Take It To San Francisco’s Court of Historical Review and Appeals

The headline of the San Francisco Call details the ouster of police chief George Wittman (Newspapers.com screenshot / Illustration by Shaylyn Esposito)

Health Editor’s Note:  It appears you can get justice, even if you are already long dead….Carol

The Courtroom That Literally Relitigated History

By April White/Smithsonianmag.com

On March 1905, San Francisco’s police commissioners hauled in chief George W. Wittman to answer charges that he had allowed gambling to flourish in the city’s Chinatown. It was a scandal; some suspected he was accepting bribes to turn a blind eye to the fantan parlors and lottery games that thrived on the streets he had first walked as a patrolman 24 years earlier.

After a lengthy hearing, the commissioners, by a vote of 2 to 1, found Wittman guilty of neglect of duty and incompetence.
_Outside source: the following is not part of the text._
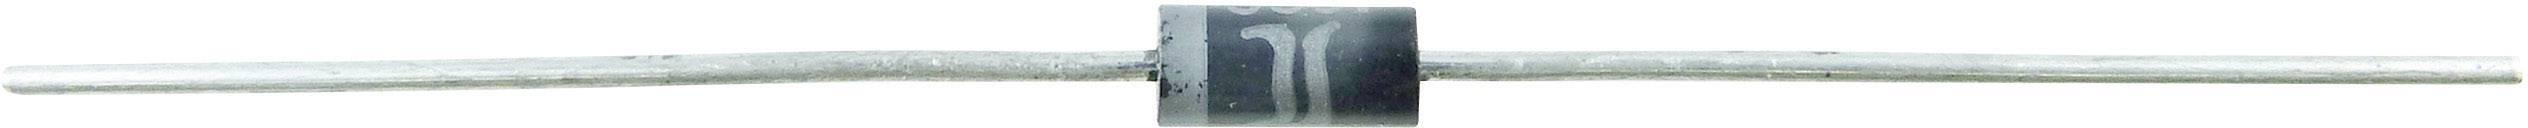 Schottkyho usmerňovacia dióda Diotec SB1100, 1 A, 100 V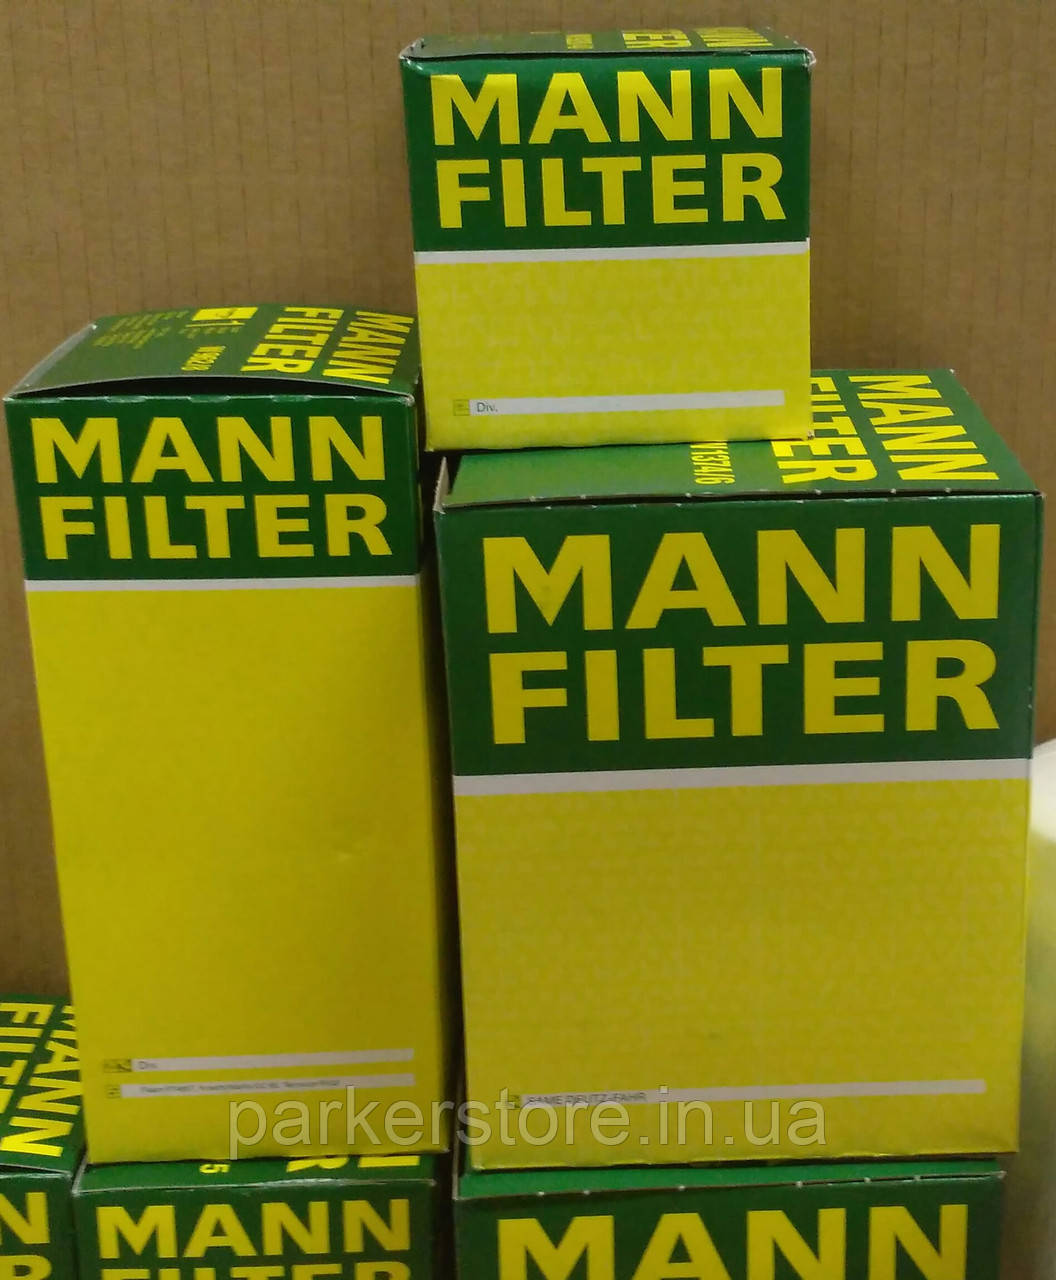 MANN FILTER / Воздушный фильтр / C 24 985 / C24985

The defendant was to be immediately dismissed from the force. He jumped to his feet to protest his innocence. “Never while I have been in the department have I been guilty of one wrongful act,” he declared, still wearing his uniform and his seven-pointed star. “I have tried to do my duty in every way possible.”

But Wittman’s words fell on deaf ears. “There was no response to this valedictory,” the San Francisco Examiner reported. “The commissioners looked bored.”

It would be 70 years before a San Francisco judge heard Wittman’s appeal and pronounced that the disgraced chief of police—by then long dead—had been “cheated by history.”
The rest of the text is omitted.